The International Monetary Fund (IMF) today completed, at the IMF Regional Training Institute in Singapore, the first in a series of seminars on Measuring Reserve Assets. The seminar follows the recent updating of the international statistical standards for identifying and compiling data on international reserves. Reserve assets data are among the most closely watched economic and financial indicators.

Mr. Sunil Sharma, Director of the IMF-Singapore Regional Training Institute, noted that “with increasing cross-border trade and capital flows, reliable and timely measures of a country’s reserve assets and its international investment position are key inputs for defining and assessing its strategy for managing sovereign liquidity”. He emphasized that high quality data and effective strategies were especially important for small open economies dealing with the policy challenges posed by a volatile external environment.

The seminar was attended by 32 officials from central banks representing twenty two Asian economies.1 Participants discussed the concepts and definitions pertaining to reserve assets, noted the challenges they faced in compiling reserves, and exchanged views on the use of data on reserves in policy formulation. The seminar was based on the conceptual guidance set forth in the sixth edition of the IMF’s Balance of Payments and International Investment Position Manual (BPM6) and the recently updated Data Template on International Reserves and Foreign Currency Liquidity: Guidelines for a Data Template.
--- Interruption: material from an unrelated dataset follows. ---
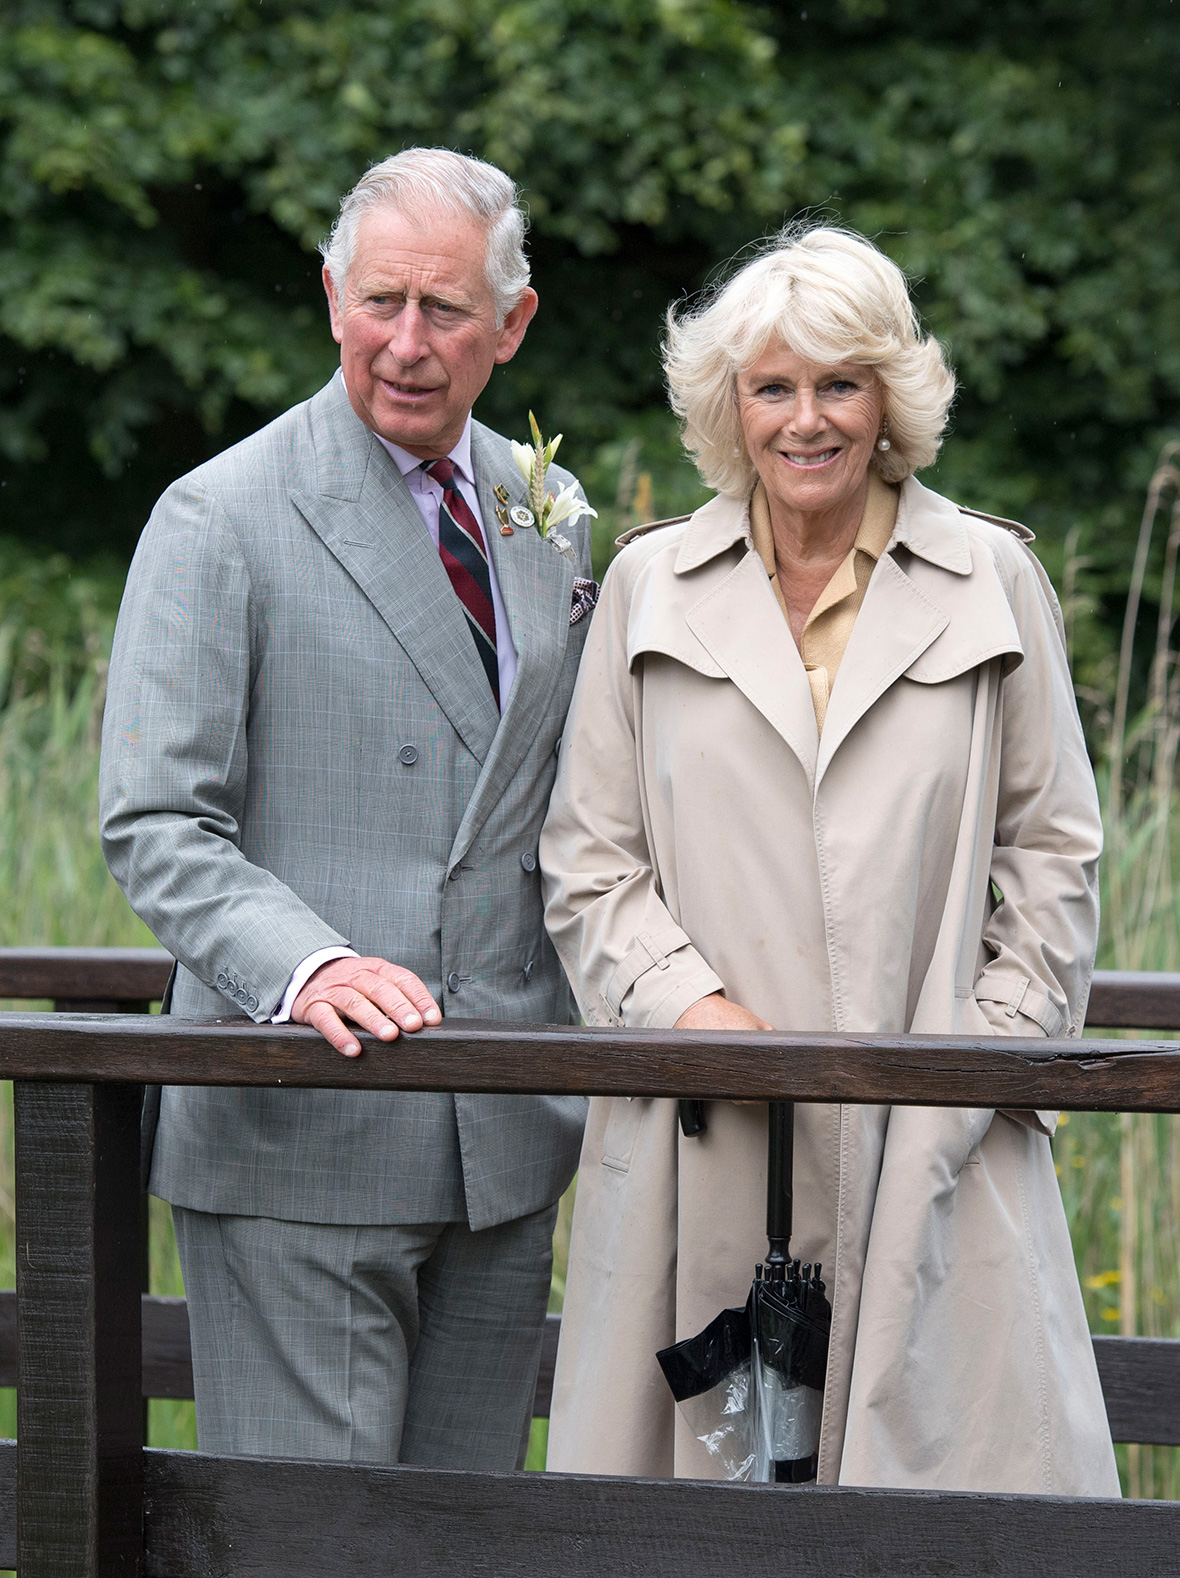 Charles and Camilla

The IMF plans to offer this seminar in other regions as part of its regular statistical training curriculum. IMF training courses and seminars may be held at IMF headquarters in Washington, regional IMF training centers, or other locations around the world. The IMF-Singapore Regional Training Institute is a joint venture of the IMF’s Institute for Capacity Development and the Government of Singapore. The IMF receives substantial funding toward its share of the Institute’s costs from the Government of Japan, with important additional support from the Government of Australia.




1 Bhutan, Cambodia, China (Mainland), China (Macao), India, Indonesia, Lao People’s Democratic Republic, Malaysia, Mongolia, Myanmar, Nepal, Pakistan, Papua New Guinea, Philippines, Republic of Korea, Samoa, Singapore, Solomon Islands, Sri Lanka, Thailand, Vanuatu, and Vietnam.